Delchamps nodded, then turned his attention back to Susanna: "Berezovsky just handed me this stuff and asked me to give it to her. I don't think he would have done that if he planned to take off."
"Who is Berezovsky now?" Castillo asked.
"'Thomas Barlow,' who else? Born in Manchester, England," Delchamps answered.
"The Russians also showed up with a little walking around money," Darby said. "One hundred thousand dollars of it, fresh from the Federal Reserve. Still in the plastic wrapping. It makes up a package about this big." He demonstrated with his left hand, fingers and thumb extended in what could have been the mimicking of a bear claw. "And it was the real thing, too, Susie. Nice, crisp, spendable hundred-dollar bills."
He waited until she reacted. All he got was a sort of so what shrug, but it was enough for him to go on.
"All of which leads Edgar and me to believe that if all they--especially she--wanted out of Charley was getting them here from Vienna and a little help until they got settled--or disappeared--that that time has passed. Berezovsky is still singing like a canary and--"
"And Charley is still alive," Delchamps said. "Taking Charley out when he was in Bariloche would have been the smart thing for them to do, covering their tracks, and it is a given that both Pevsner and Berezovsky are very good at doing that sort of thing and lose no sleep whatever when they do it."
"So what are you saying?" Tony Santini asked.

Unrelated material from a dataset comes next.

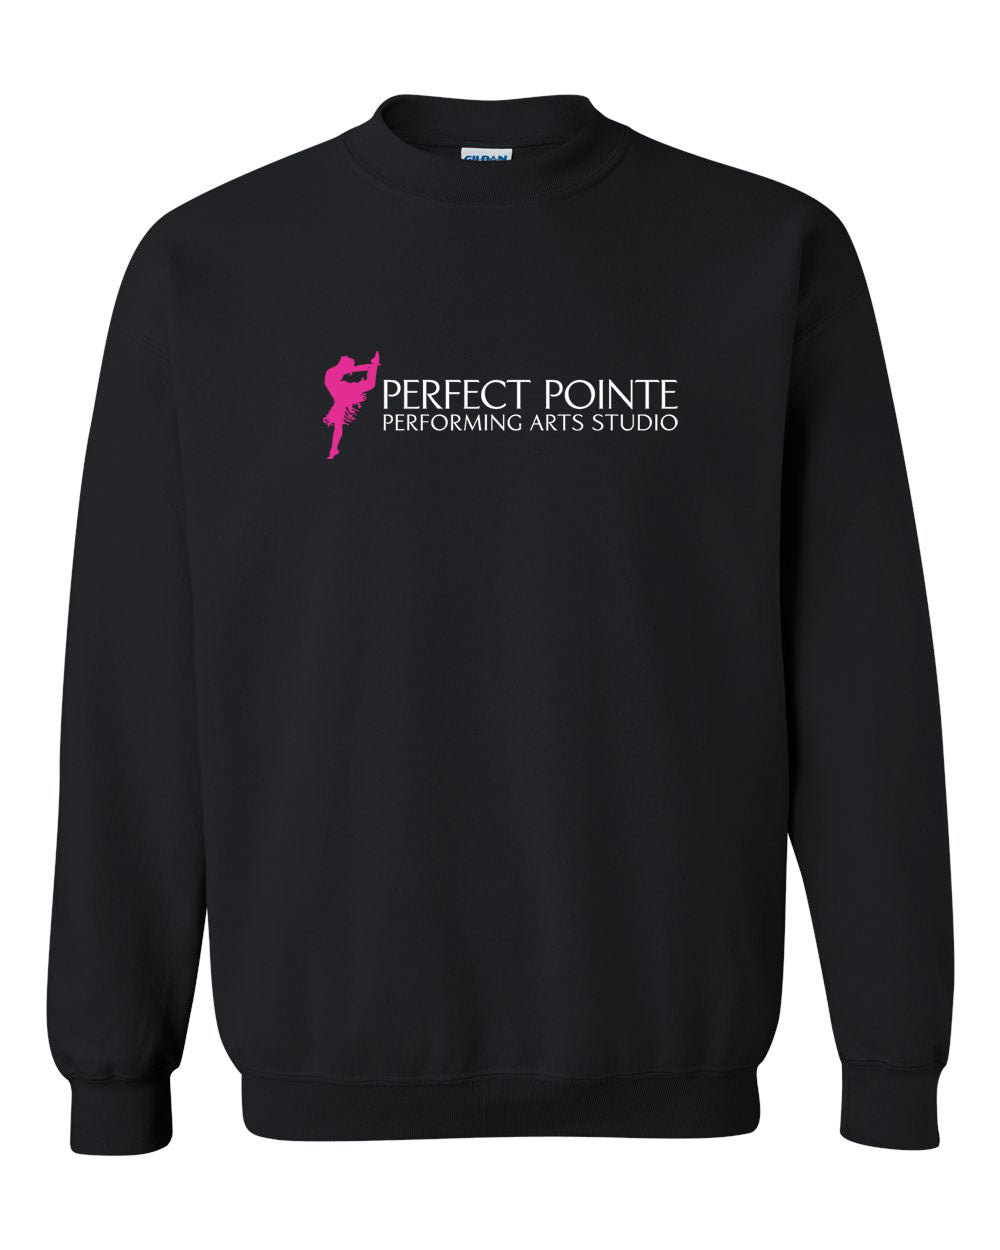 Perfect Pointe Design 1 non hooded sweatshirt

"I can't wait to see the look on Susanna's face when I say this," Delchamps said. "I believe, and so does Brother Darby, that (a) Polkovnik Berezovsky and Podpolkovnik Alekseeva risked all to get out of Russia because--subpara lowercase i--they came to believe that Vladimir Putin was about to resurrect the bad old days of the Soviet Union and they wanted nothing to do with that . . ."r />
"I don't believe I'm hearing this," Susanna Sieno said.

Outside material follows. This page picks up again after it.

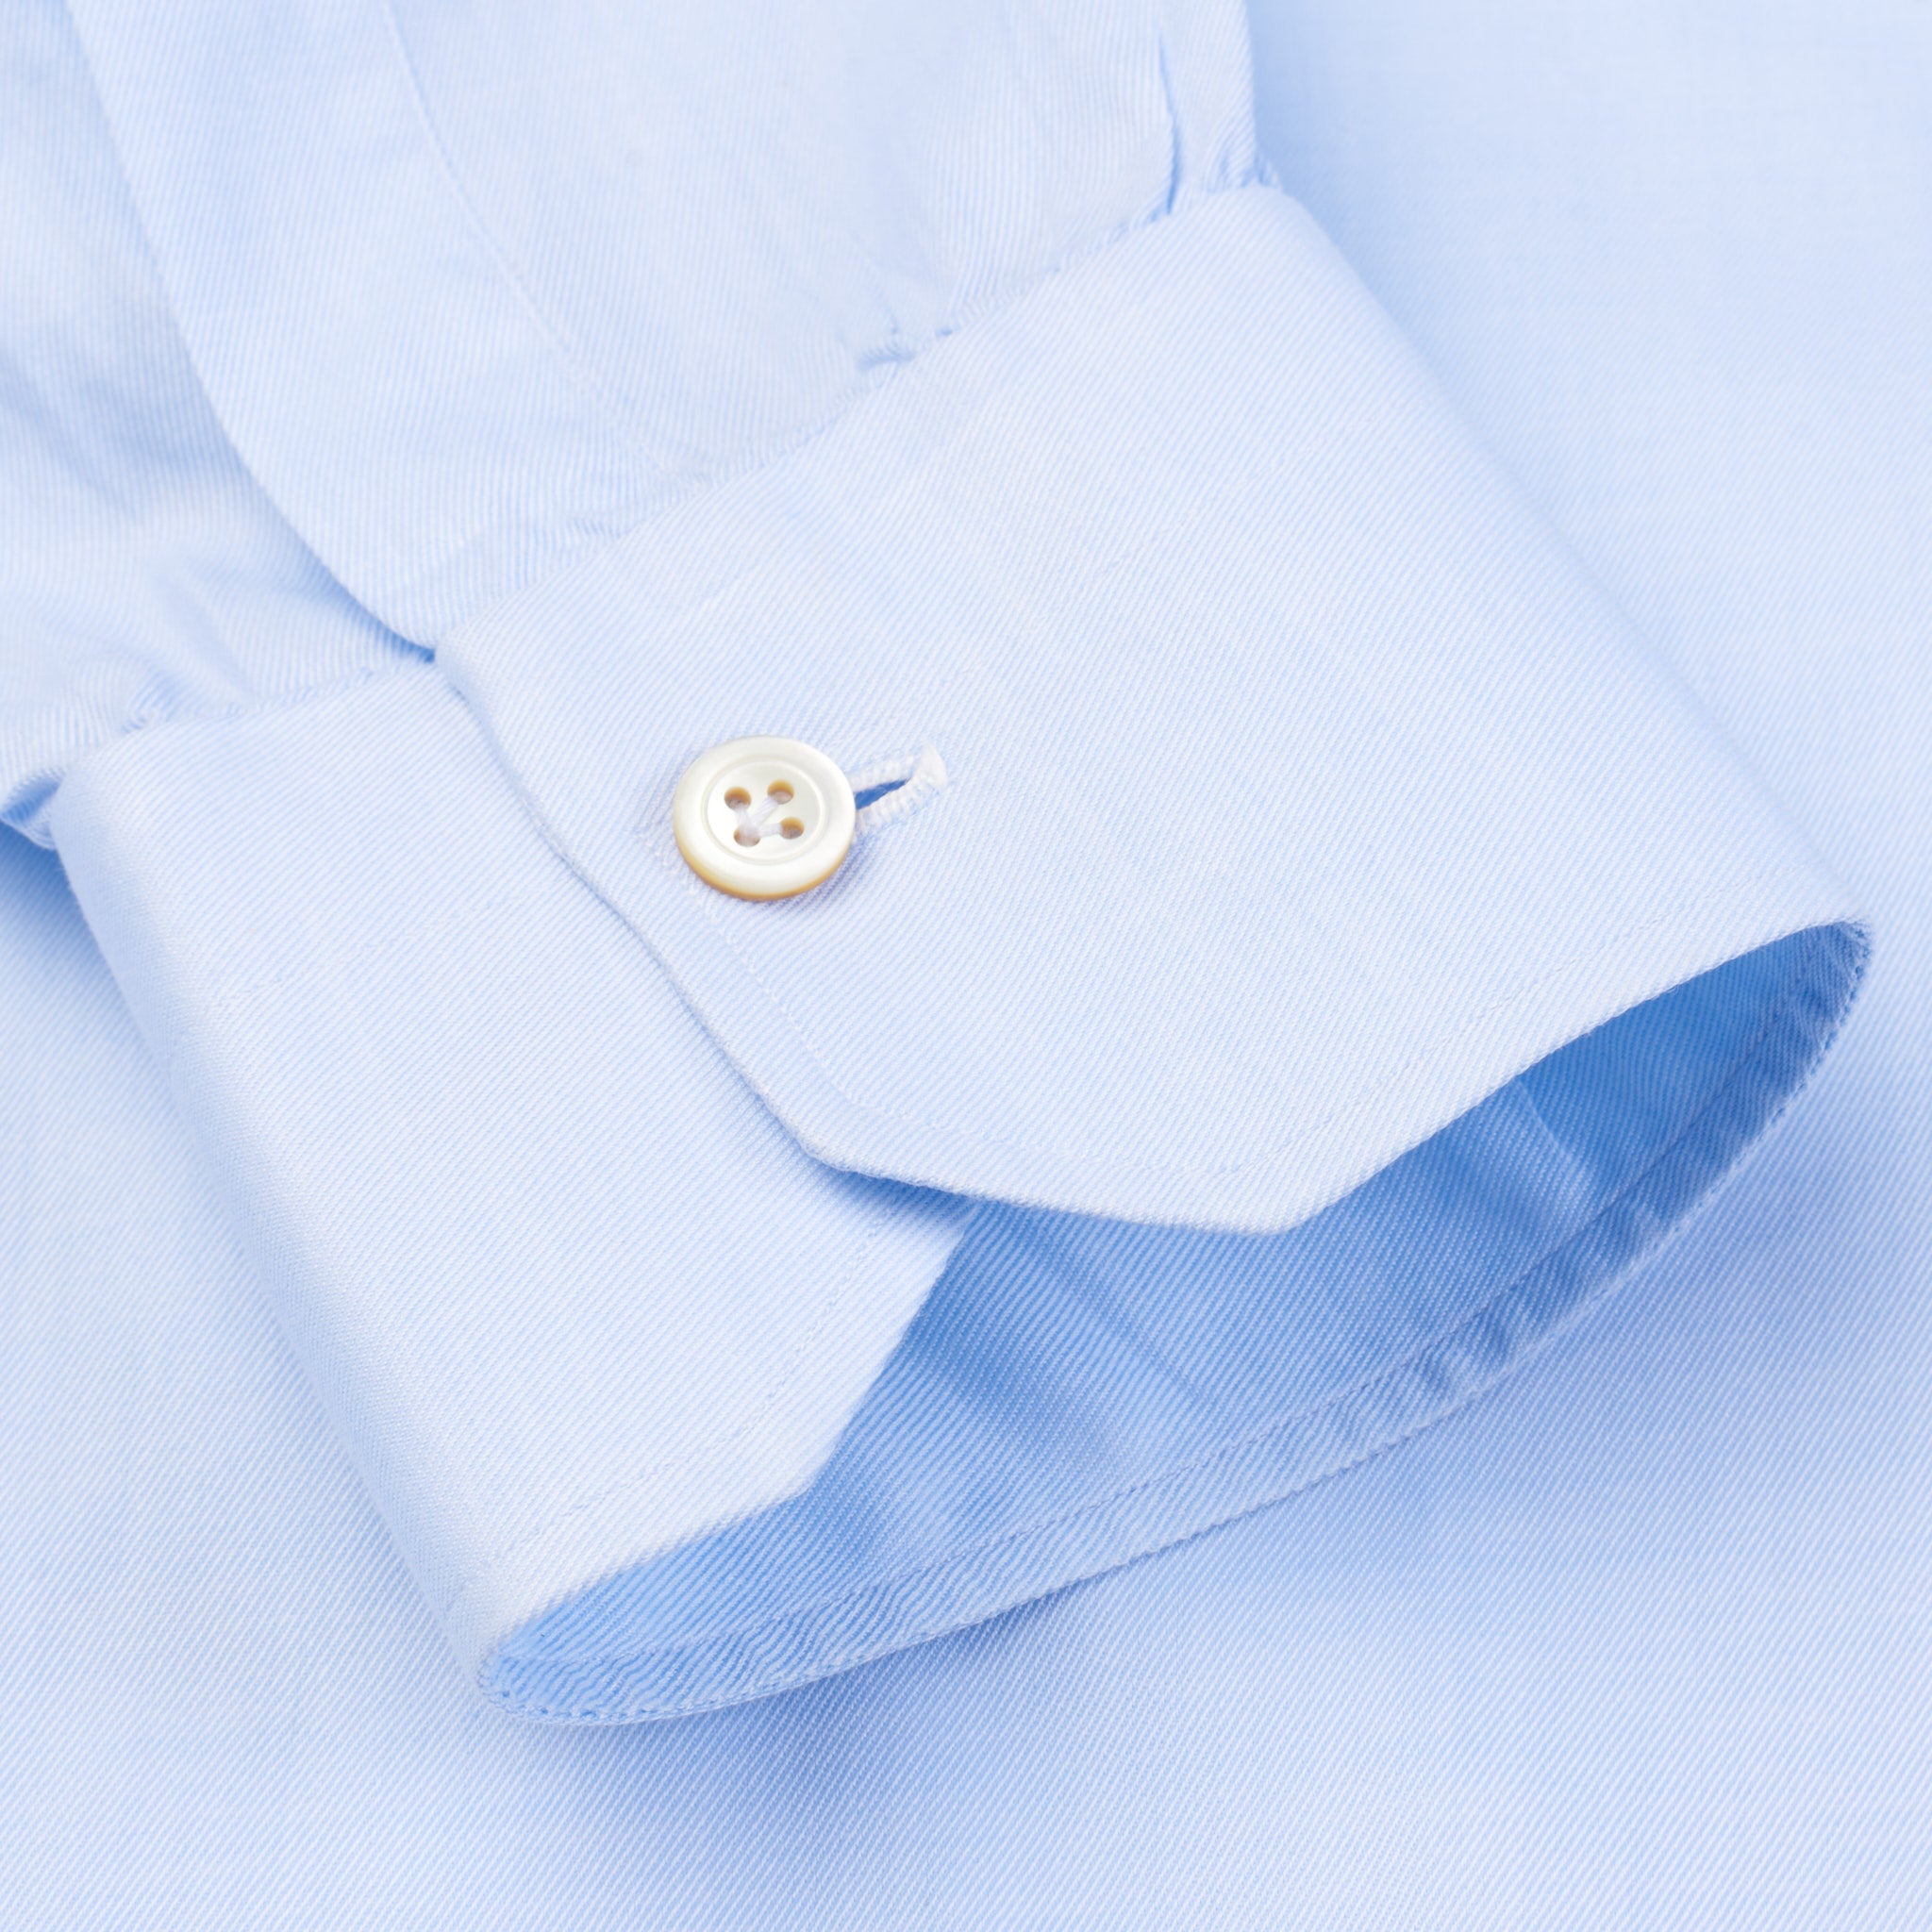 KITON Napoli Handmade Bespoke Blue Twill Cotton Dress Shirt EU 40 US 15.75 KITON

". . . and--(a) subpara lowercase ii--they suspected that because Brother Putin, himself a member in good standing of the Oprichina--you'll recall his father was Stalin's cook--knows all about what a threat heavy-duty oprichniki would pose to his regime, they stood a very good chance of spending the rest of their lives in a mental hospital with their veins full of happy juice, said mental hospitals having replaced the gulag in the new and wonderful Russian Federation as depositories for potential troublemakers."

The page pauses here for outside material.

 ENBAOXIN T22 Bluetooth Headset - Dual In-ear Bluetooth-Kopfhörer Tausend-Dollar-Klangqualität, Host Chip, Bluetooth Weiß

"You're telling me that you and Alex"--she looked between them--"believe those ludicrous yarns about a state within a state?"
"With all my innocent trusting heart, Susie," Darby said, putting his right hand to his chest. "But then again, you have to remember that throughout my long career in the Clandestine Services I earned the reputation of always being the guy who believed everything he was told."
"If I may go on?" Delchamps said. "Darby and I also believe that (b) the Berezovskys, the Pevsners, and at least Charley's new friend Svetlana are Christians who take it seriously--we're not so sure of the lady's husband, he's one mean sonofabitch who may well be a godless Communist. . . ."
"She's married?" Susanna asked, shaking her head.
"To Polkovnik Evgeny Alekseeva of the SVR," Delchamps confirmed, "who at last report was scouring the streets of Vienna in high hopes of finding his wife, who he no doubt then hopes to kill in the most painful way he can think of."
"Oh, Charley!" Sandra Britton said.
"Once again, if I may go on?" Delchamps said. "Now, where was I? Oh, yes! (b): are Christians who take it seriously, and for that reason--subpara lowercase i--regard the poisoning of a couple of million innocent women and children as un-Christian and are therefore willing to help Charley take out whatever the hell those bastards have in the Congo, about which Berezovsky apparently knows a hell of a lot.
"Subpara lowercase ii, would be deeply offended if Our Leader--known to the Secret Service as 'Don Juan'--as I really expected to hear just now when he returned to our little nest--had been pleasuring Podpolkovnik Alekseeva simply to get her to talk--or simply for fun--rather than as a manifestation of his intention to marry the lady when that is possible, and thereafter to walk hand in hand and in the fear of God in the bonds of holy matrimony until death do them part. Amen." He paused. "Getting the picture, Susanna?"